- [EXERCISE]
Transcribe all of the data exactly. Images stay out.

- [DATA EXCERPT]
= = =
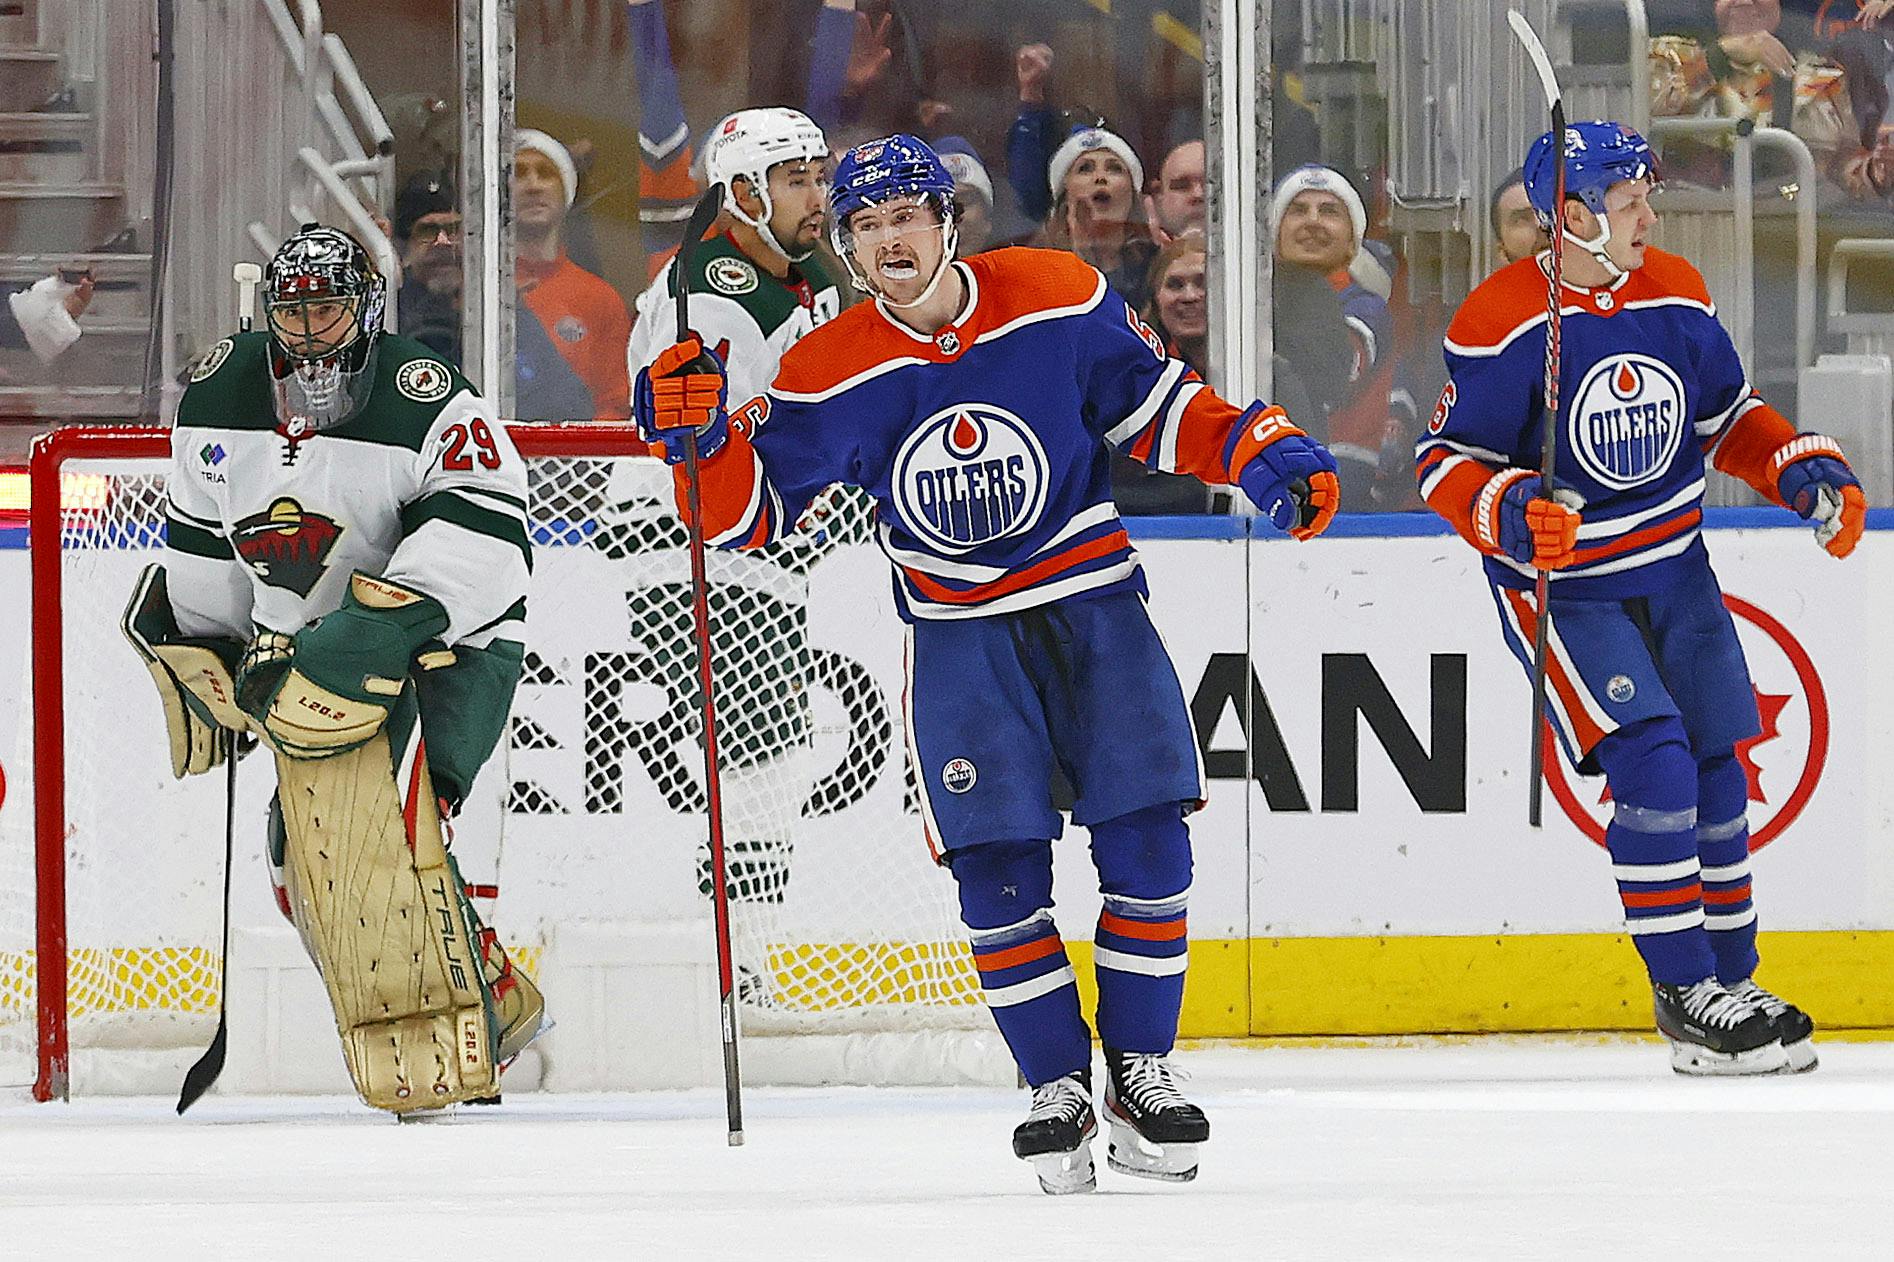 3 Edmonton Oilers Who Could Be Trade Candidates in 2022 Offseason
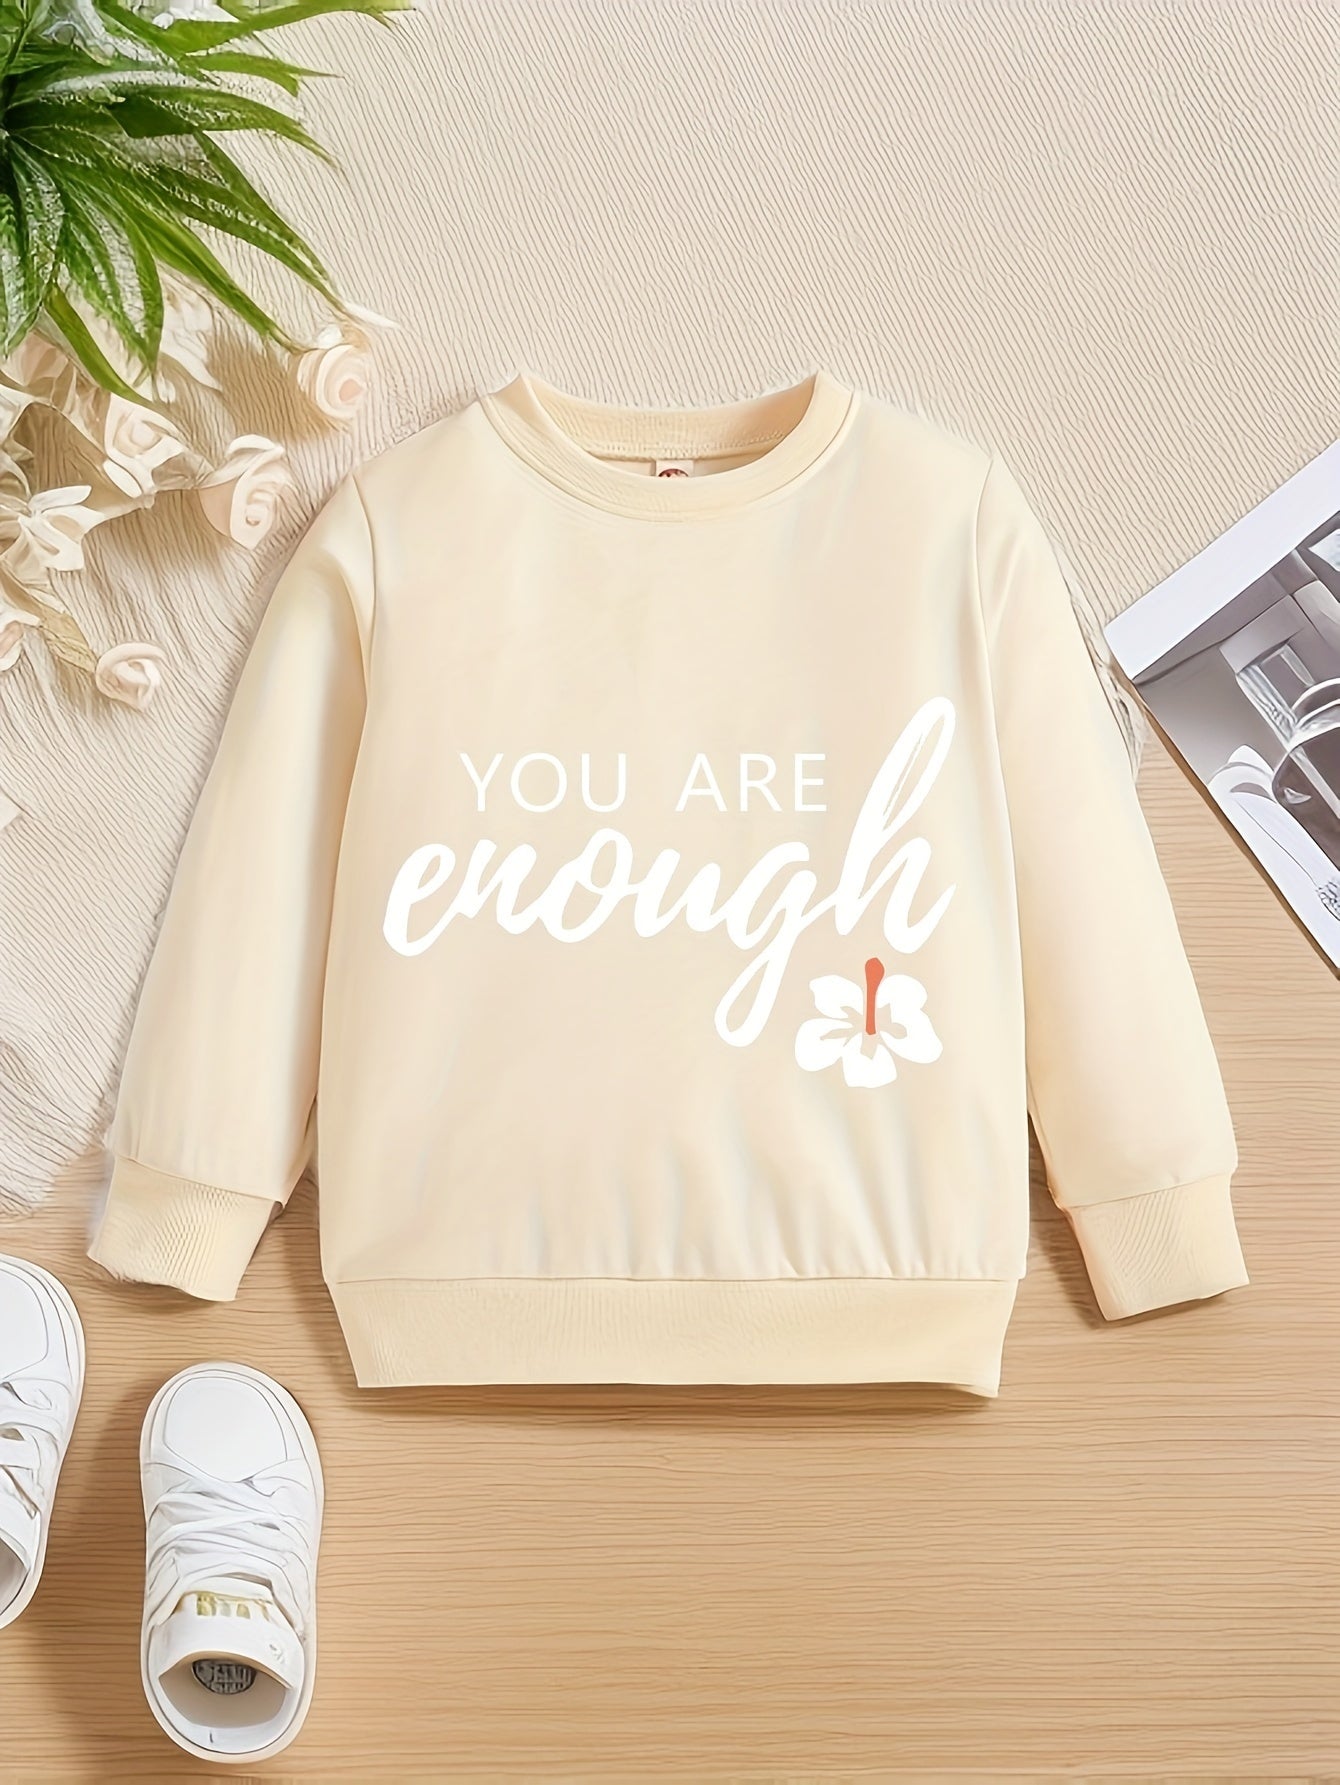 You Are Enough Youth Christian Pullover Sweatshirt claimedbygoddesigns
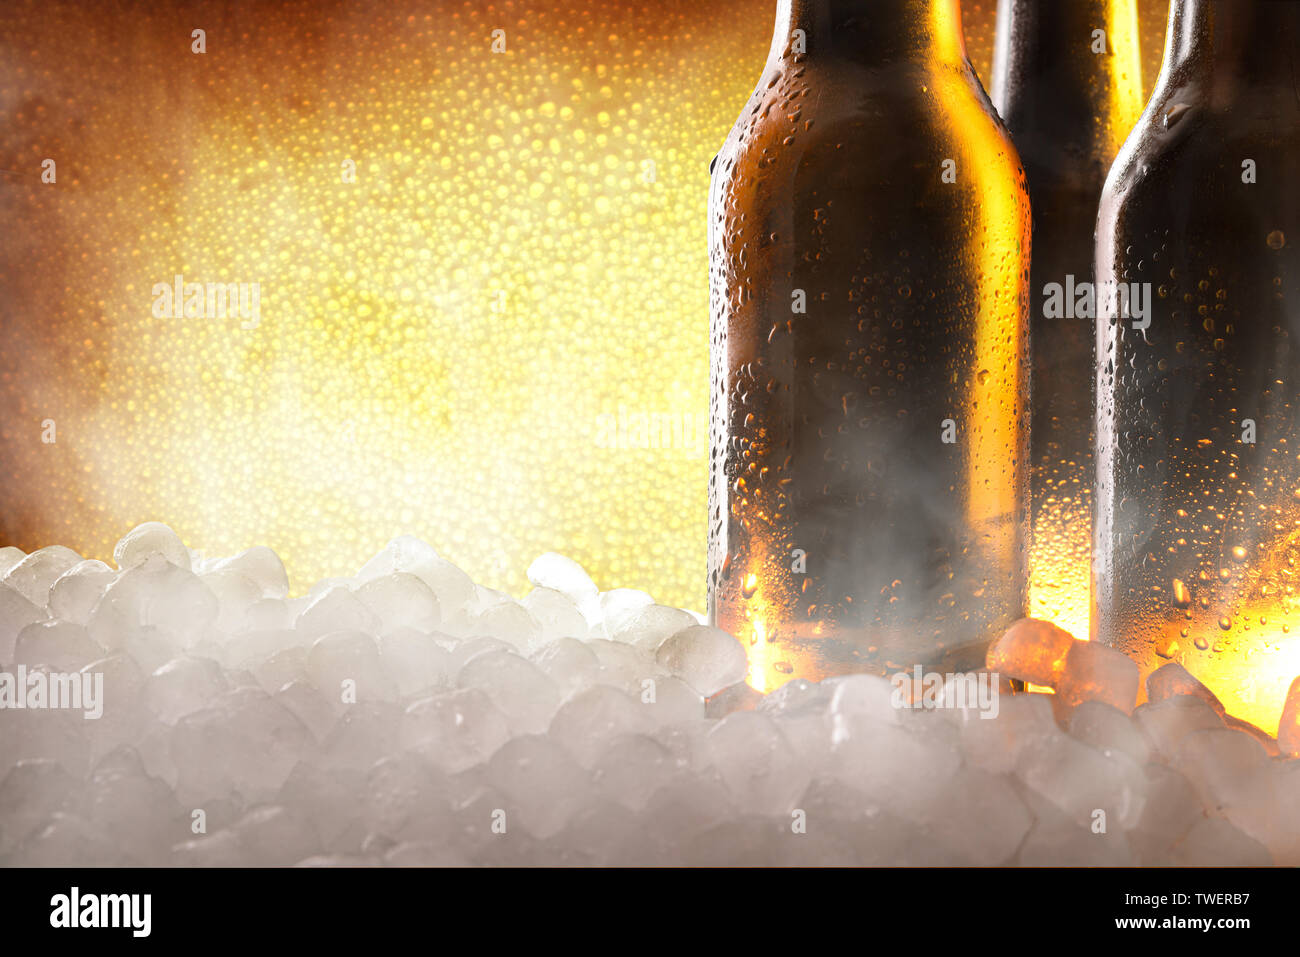 https://c8.alamy.com/comp/TWERB7/three-full-beer-bottles-on-crushed-ice-and-golden-background-close-up-horizontal-composition-front-view-TWERB7.jpg
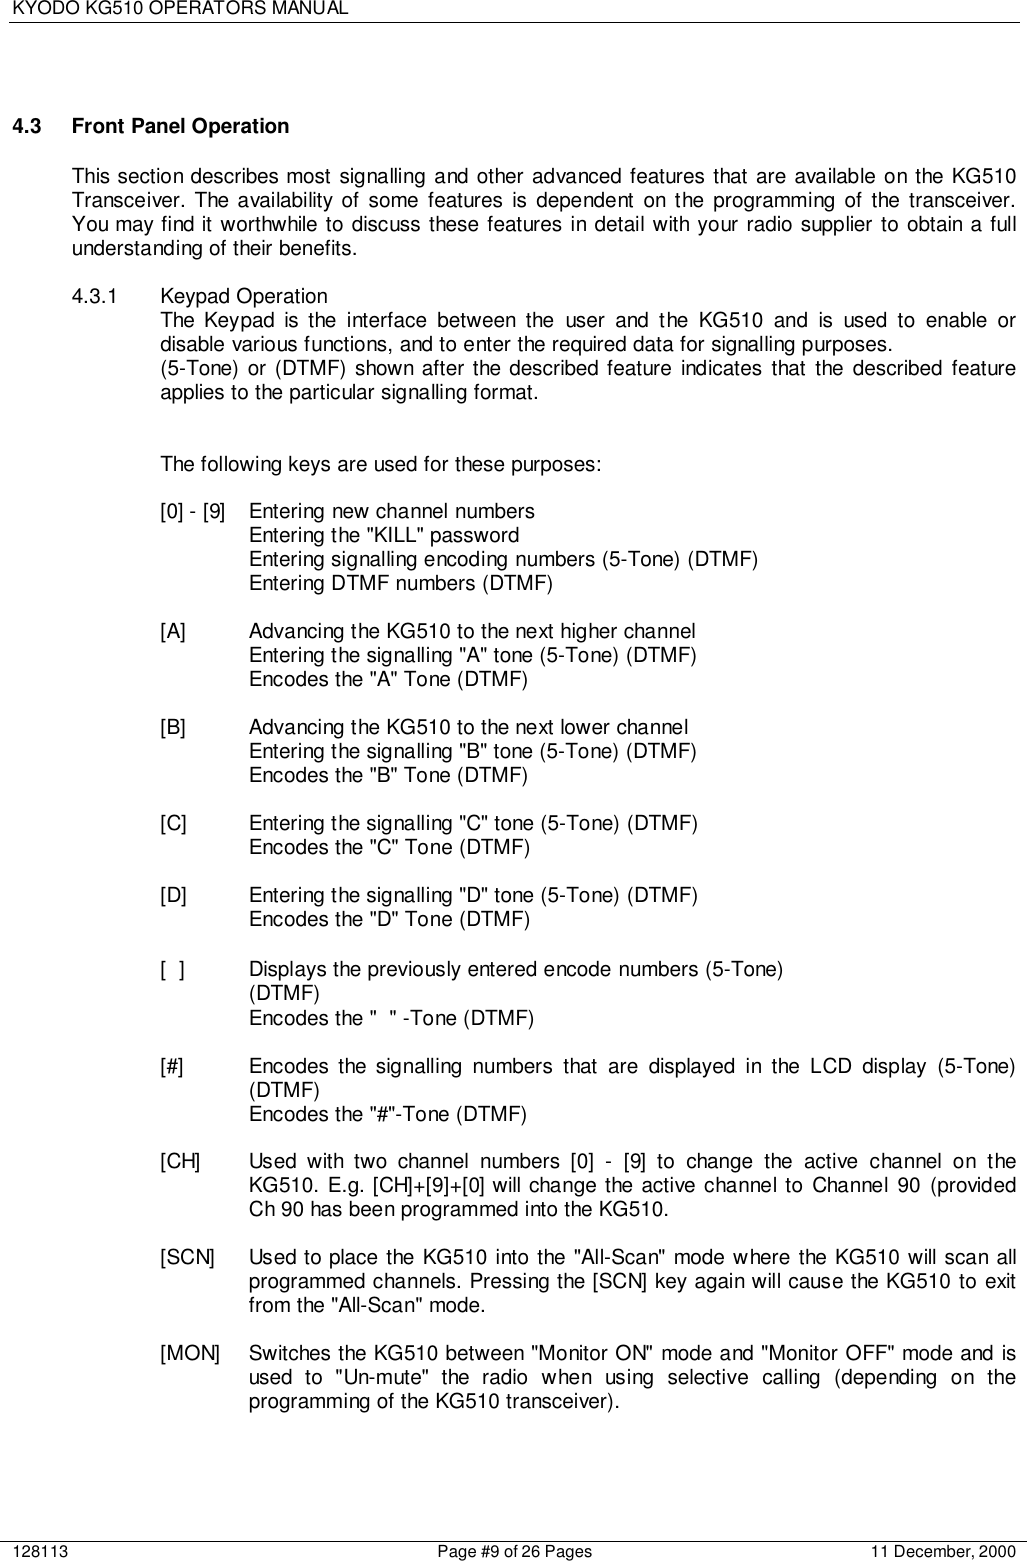 KYODO KG510 OPERATORS MANUAL128113 Page #9 of 26 Pages 11 December, 20004.3  Front Panel OperationThis section describes most signalling and other advanced features that are available on the KG510Transceiver. The availability of some features is dependent on the programming of the transceiver.You may find it worthwhile to discuss these features in detail with your radio supplier to obtain a fullunderstanding of their benefits.4.3.1 Keypad OperationThe Keypad is the interface between the user and the KG510 and is used to enable ordisable various functions, and to enter the required data for signalling purposes.(5-Tone) or (DTMF) shown after the described feature indicates that the described featureapplies to the particular signalling format.The following keys are used for these purposes:[0] - [9] Entering new channel numbersEntering the &quot;KILL&quot; passwordEntering signalling encoding numbers (5-Tone) (DTMF)Entering DTMF numbers (DTMF)[A] Advancing the KG510 to the next higher channelEntering the signalling &quot;A&quot; tone (5-Tone) (DTMF)Encodes the &quot;A&quot; Tone (DTMF)[B] Advancing the KG510 to the next lower channelEntering the signalling &quot;B&quot; tone (5-Tone) (DTMF)Encodes the &quot;B&quot; Tone (DTMF)[C] Entering the signalling &quot;C&quot; tone (5-Tone) (DTMF)Encodes the &quot;C&quot; Tone (DTMF)[D] Entering the signalling &quot;D&quot; tone (5-Tone) (DTMF)Encodes the &quot;D&quot; Tone (DTMF)[ ] Displays the previously entered encode numbers (5-Tone)(DTMF)Encodes the &quot; &quot; -Tone (DTMF)[#] Encodes the signalling numbers that are displayed in the LCD display (5-Tone)(DTMF)Encodes the &quot;#&quot;-Tone (DTMF)[CH] Used with two channel numbers [0] - [9] to change the active channel on theKG510. E.g. [CH]+[9]+[0] will change the active channel to Channel 90 (providedCh 90 has been programmed into the KG510.[SCN] Used to place the KG510 into the &quot;All-Scan&quot; mode where the KG510 will scan allprogrammed channels. Pressing the [SCN] key again will cause the KG510 to exitfrom the &quot;All-Scan&quot; mode.[MON] Switches the KG510 between &quot;Monitor ON&quot; mode and &quot;Monitor OFF&quot; mode and isused to &quot;Un-mute&quot; the radio when using selective calling (depending on theprogramming of the KG510 transceiver).
= = =
- [YOUR RESPONSE]
 3 Edmonton Oilers Who Could Be Trade Candidates in 2022 Offseason
 You Are Enough Youth Christian Pullover Sweatshirt claimedbygoddesigns
 https://c8.alamy.com/comp/TWERB7/three-full-beer-bottles-on-crushed-ice-and-golden-background-close-up-horizontal-composition-front-view-TWERB7.jpg
 KYODO KG510 OPERATORS MANUAL128113 Page #9 of 26 Pages 11 December, 20004.3  Front Panel OperationThis section describes most signalling and other advanced features that are available on the KG510Transceiver. The availability of some features is dependent on the programming of the transceiver.You may find it worthwhile to discuss these features in detail with your radio supplier to obtain a fullunderstanding of their benefits.4.3.1 Keypad OperationThe Keypad is the interface between the user and the KG510 and is used to enable ordisable various functions, and to enter the required data for signalling purposes.(5-Tone) or (DTMF) shown after the described feature indicates that the described featureapplies to the particular signalling format.The following keys are used for these purposes:[0] - [9] Entering new channel numbersEntering the &quot;KILL&quot; passwordEntering signalling encoding numbers (5-Tone) (DTMF)Entering DTMF numbers (DTMF)[A] Advancing the KG510 to the next higher channelEntering the signalling &quot;A&quot; tone (5-Tone) (DTMF)Encodes the &quot;A&quot; Tone (DTMF)[B] Advancing the KG510 to the next lower channelEntering the signalling &quot;B&quot; tone (5-Tone) (DTMF)Encodes the &quot;B&quot; Tone (DTMF)[C] Entering the signalling &quot;C&quot; tone (5-Tone) (DTMF)Encodes the &quot;C&quot; Tone (DTMF)[D] Entering the signalling &quot;D&quot; tone (5-Tone) (DTMF)Encodes the &quot;D&quot; Tone (DTMF)[ ] Displays the previously entered encode numbers (5-Tone)(DTMF)Encodes the &quot; &quot; -Tone (DTMF)[#] Encodes the signalling numbers that are displayed in the LCD display (5-Tone)(DTMF)Encodes the &quot;#&quot;-Tone (DTMF)[CH] Used with two channel numbers [0] - [9] to change the active channel on theKG510. E.g. [CH]+[9]+[0] will change the active channel to Channel 90 (providedCh 90 has been programmed into the KG510.[SCN] Used to place the KG510 into the &quot;All-Scan&quot; mode where the KG510 will scan allprogrammed channels. Pressing the [SCN] key again will cause the KG510 to exitfrom the &quot;All-Scan&quot; mode.[MON] Switches the KG510 between &quot;Monitor ON&quot; mode and &quot;Monitor OFF&quot; mode and isused to &quot;Un-mute&quot; the radio when using selective calling (depending on theprogramming of the KG510 transceiver).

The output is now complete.